5.4 Navigate levels effectively.
Reality exists at different levels and each of them gives you different but valuable perspectives. It’s important to keep all of them in mind as you synthesize and make decisions, and to know how to navigate between them.
Let’s say you’re looking at your hometown on Google Maps. Zoom in close enough to see the buildings and you won’t be able to see the region surrounding your town, which can tell you important things. Maybe your town sits next to a body of water. Zoom in too close and you won’t be able to tell if the shoreline is along a river, a lake, or an ocean. You need to know which level is appropriate to your decision.
We are constantly seeing things at different levels and navigating between them, whether we know it or not, whether we do it well or not, and whether our objects are physical things, ideas, or goals. For example, you can navigate levels to move from your values to what you do to realize them on a day-to-day basis. This is what that looks like in outline:
1 The High-Level Big Picture: I want meaningful work that’s full of learning.
1.1 Subordinate Concept: I want to be a doctor.
‧ Sub-Point: I need to go to medical school.
‧ Sub-Sub Point: I need to get good grades in the sciences.
‧ Sub-Sub-Sub Point: I need to stay home tonight and study.
To observe how well you do this in your own life, pay attention to your conversations. We tend to move between levels when we talk.
a. Use the terms “above the line” and “below the line” to establish which level a conversation is on.
An above-the-line conversation addresses the main points and a below-the-line conversation focuses on the sub-points. When a line of reasoning is jumbled and confusing, it’s often because the speaker has gotten caught up in below-the-line details without connecting them back to the major points. An above-the-line discourse should progress in an orderly and accurate way to its conclusion, only going below the line when it’s necessary to illustrate something about one of the major points.
b. Remember that decisions need to be made at the appropriate level, but they should also be consistent across levels.
For instance, if you want to have a healthy life, you shouldn’t have twelve sausage links and a beer every day for breakfast. In other words, you need to constantly connect and reconcile the data you’re gathering at different levels in order to draw a complete picture of what’s going on. Like synthesizing in general, some people are naturally better at this than others, but anyone can learn to do this to one degree or another. To do it well, it’s necessary to:
- Remember that multiple levels exist for all subjects.

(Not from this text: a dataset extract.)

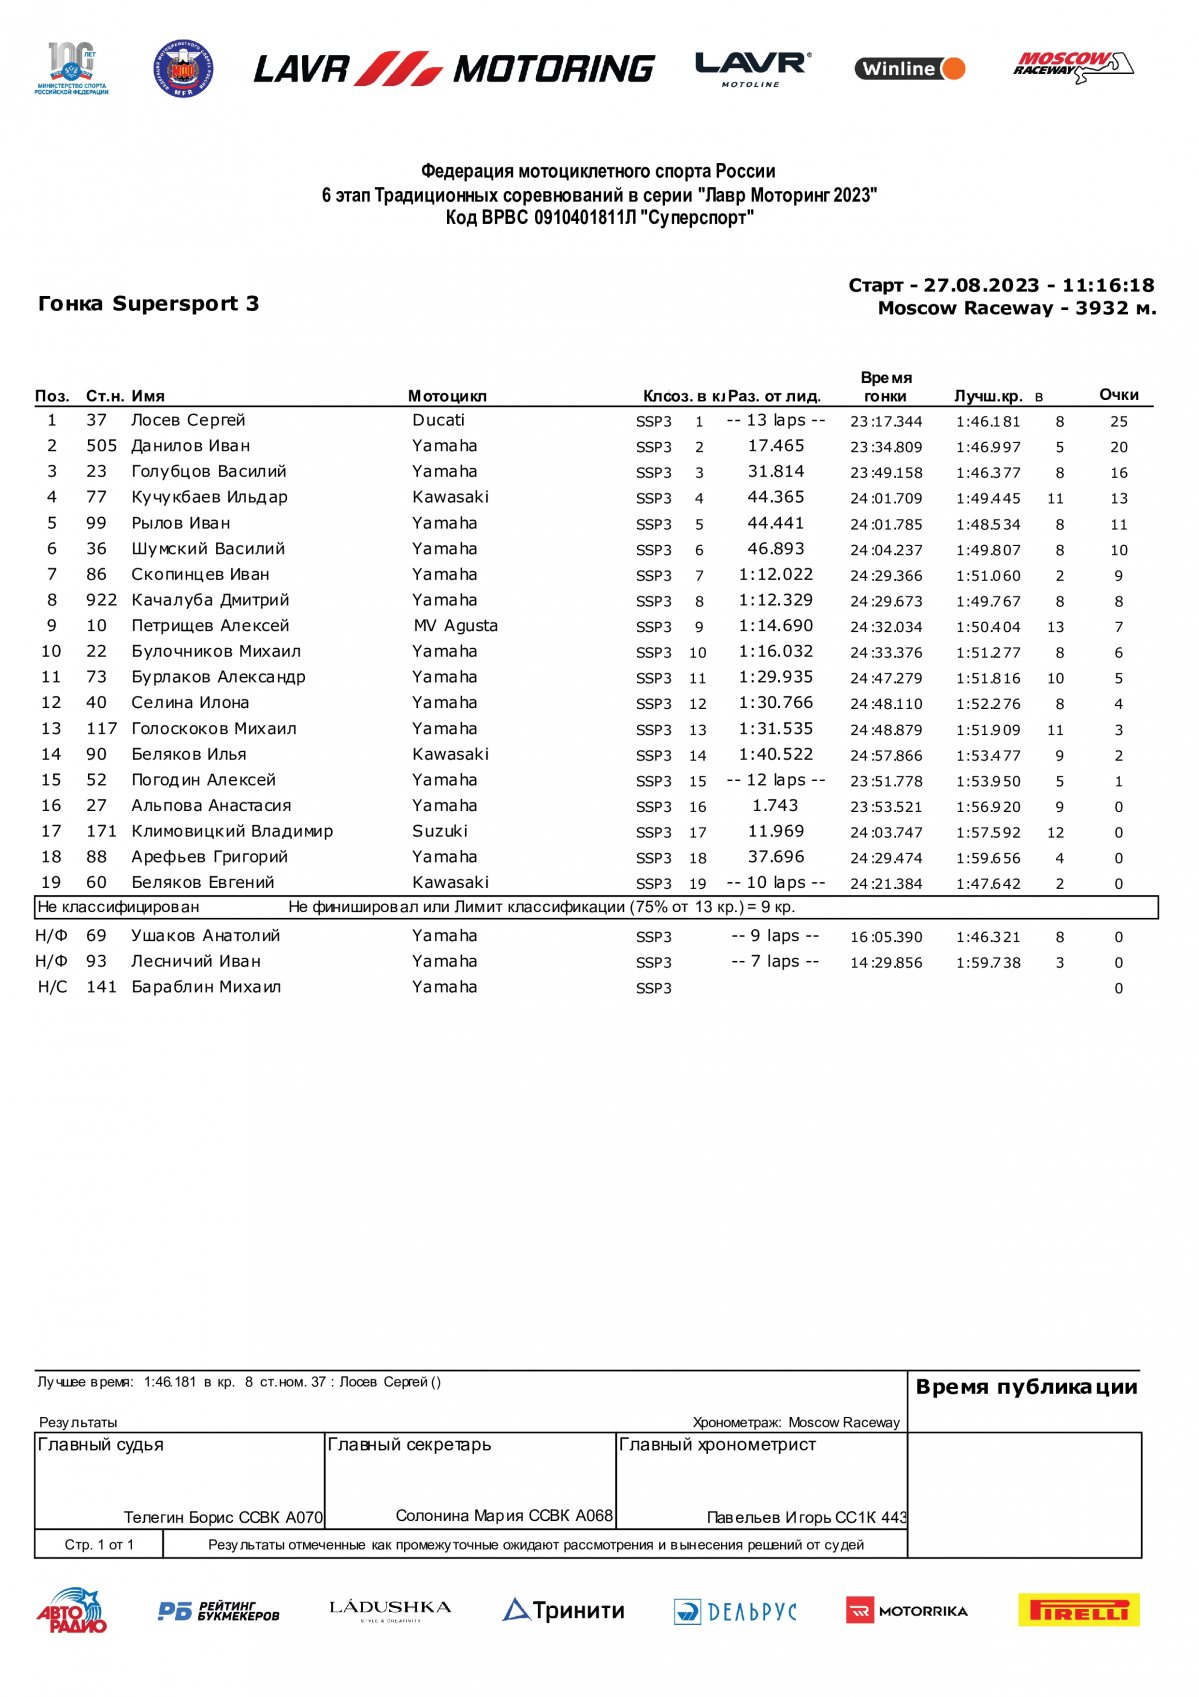 Результаты гонки 6-го этапа Lavr Motoring в классе SSP3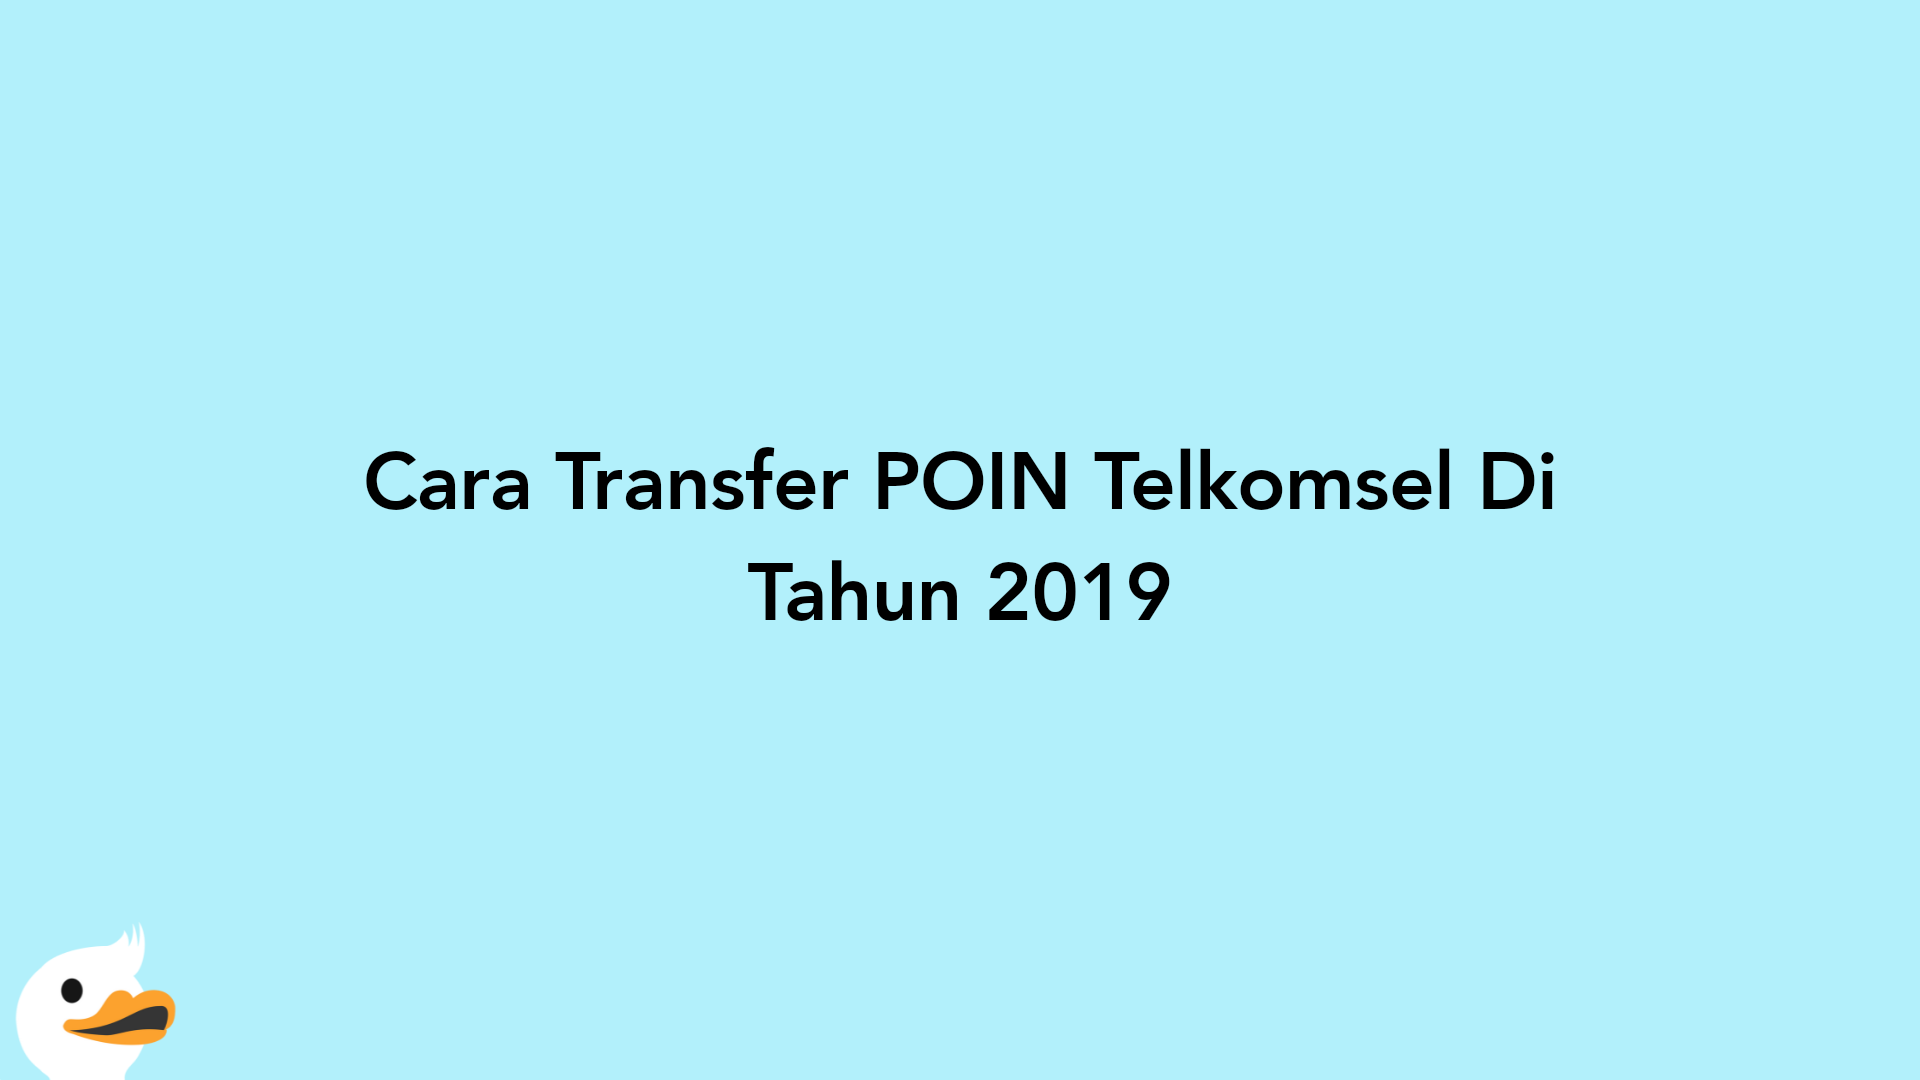 Cara Transfer POIN Telkomsel Di Tahun 2019

- Be aware on what level you’re examining a given subject.
- Consciously navigate levels rather than see subjects as undifferentiated piles of facts that can be browsed randomly.
- Diagram the flow of your thought processes.
When you do all this with radical open-mindedness, you will become more aware not just of what you’re seeing, but what you’re not seeing and what others, perhaps, are. It’s a little like when jazz musicians jam; knowing what level you’re on allows everyone to play in the same key. When you know your own way of seeing and are open to others’ ways too, you can create good conceptual jazz together rather than just screech at each other. Now let’s go up a level and examine deciding.
DECIDE WELL
Using decision-making logic to produce the best long-term outcomes has become its own science—one that employs probabilities and statistics, game theory, and other tools. While many of these tools are helpful, the fundamentals of effective decision making are relatively simple and timeless—in fact they are genetically encoded in our brains to varying degrees. Watch animals in the wild and you’ll see that they instinctively make expected value calculations to optimize the energy they expend to find food. Those that did this well prospered and passed on their genes through the process of natural selection; those that did it poorly perished. While most humans who do this badly won’t perish, they will certainly be penalized by the process of economic selection.
As previously explained, there are two broad approaches to decision making: evidence/logic-based (which comes from the higher-level brain) and subconscious/emotion-based (which comes from the lower-level animal brain).